In fact, he kind of chuckles when you ask him about his party's prospects locally in Tuesday's presidential election.
"We're pretty much outnumbered in this day and age," Gabel said in a telephone interview this week.
"But it wasn't always that way. ... We have voted in the past strongly Republican, and I think most of the Republicans were conservatives as well.
"But the state and everyone has swung the other way in the last 15 years."
Gabel, a Pittsfield native, is a retired teacher who taught history and government in high school.
He proudly supports "the basic Republican Party tenets," but his concerns about one-party dominance locally extend beyond his personal allegiance to the GOP.
"My big concern is that we end up without a two-party system, which gives one party free hand to do whatever they jolly well want to do," Gabel said. "That's dangerous in any society.
"I think the two-party system is important not only for Berkshire County but the state and country as a whole."
The numbers say he has an uphill battle finding support for his party.
In the 2008 election against Sen.
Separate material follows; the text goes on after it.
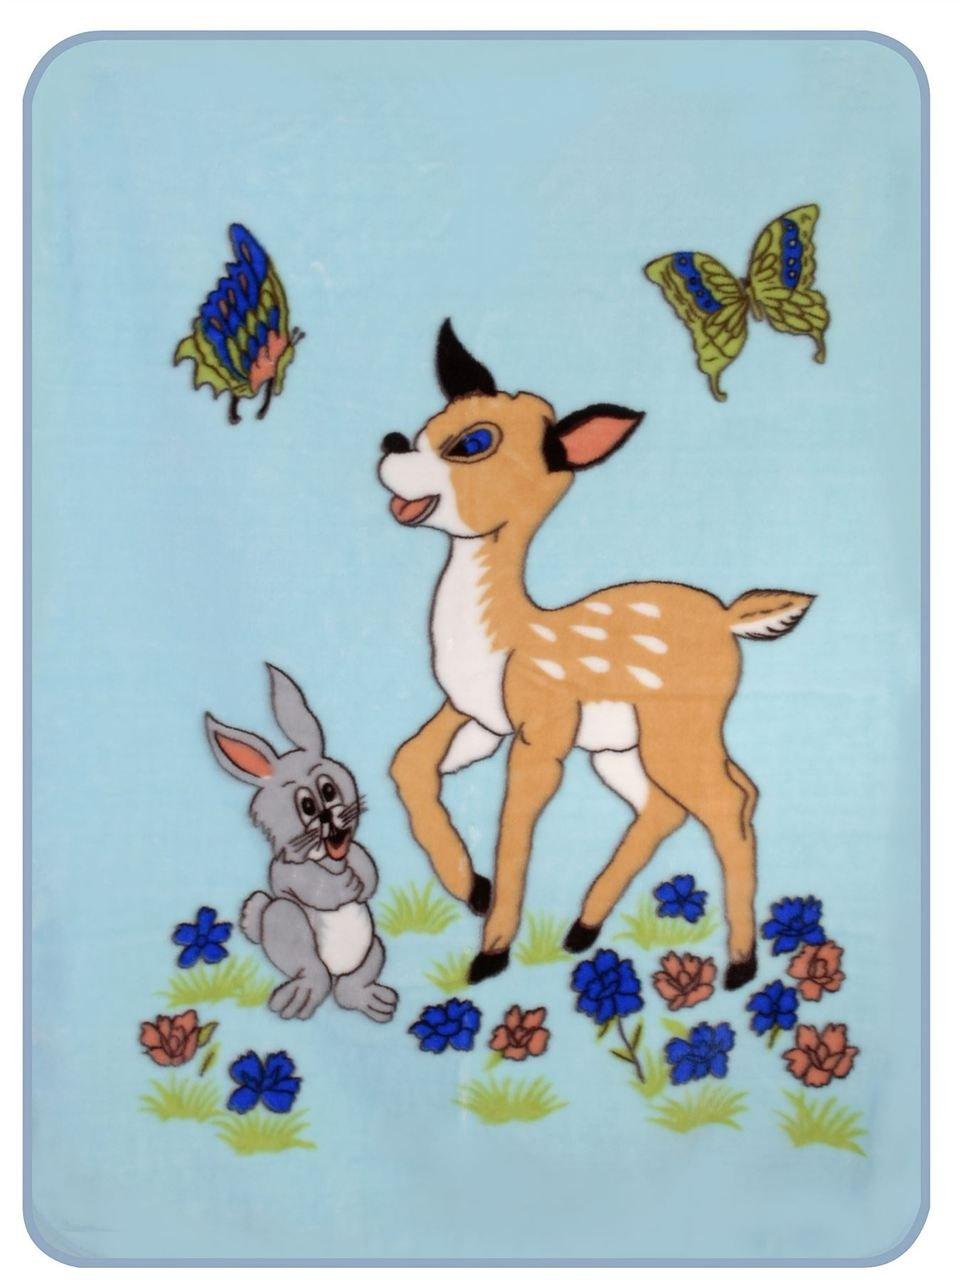 フォレストフレンズ ウサギと赤ちゃん 鹿 フェイクファー 男の子 ブルー ベビーベッド スローブランケット - 40インチ X 50インチ   B010LYDSV2

John McCain, President Barack Obama won 53 percent of the popular vote nationwide and 62 percent of the vote in Massachusetts. Only Massachusetts towns west of the Connecticut River (Blandford, Granville, Montgomery, Southwick and Tolland) voted for McCain; none of those towns are in Berkshire County.
Gabel was sworn in as town's Republican representative on the Board of Registrars in June.
According to the state Republican Party website, there is not a single GOP town or city committee in Berkshire County.
"There are a few of us," Gabel said. "We don't get together and have a cup of coffee for the most part. Maybe that's something we should try to do. There are a few of us around. I guess we'll try to make our voices heard."
Gabel said he does not have much hope that the commonwealth will give its Electoral College vote to former Gov. Mitt Romney, but he is optimistic about Sen. Scott Brown's chances of holding onto his seat in a close race against Democratic challenger Elizabeth Warren.
As for making his own voice heard, Gabel said he has never been the target of derision for espousing his minority point of view. But he has learned to pick his battles.
"I know there are some people who are pretty strong in their beliefs going the other way," he said. "I have some friends ... and one of the things I know is maybe it's better not to discuss politics with them. I'm not going to convince them, and they're not going to convince me. It's almost a moot point to discuss it."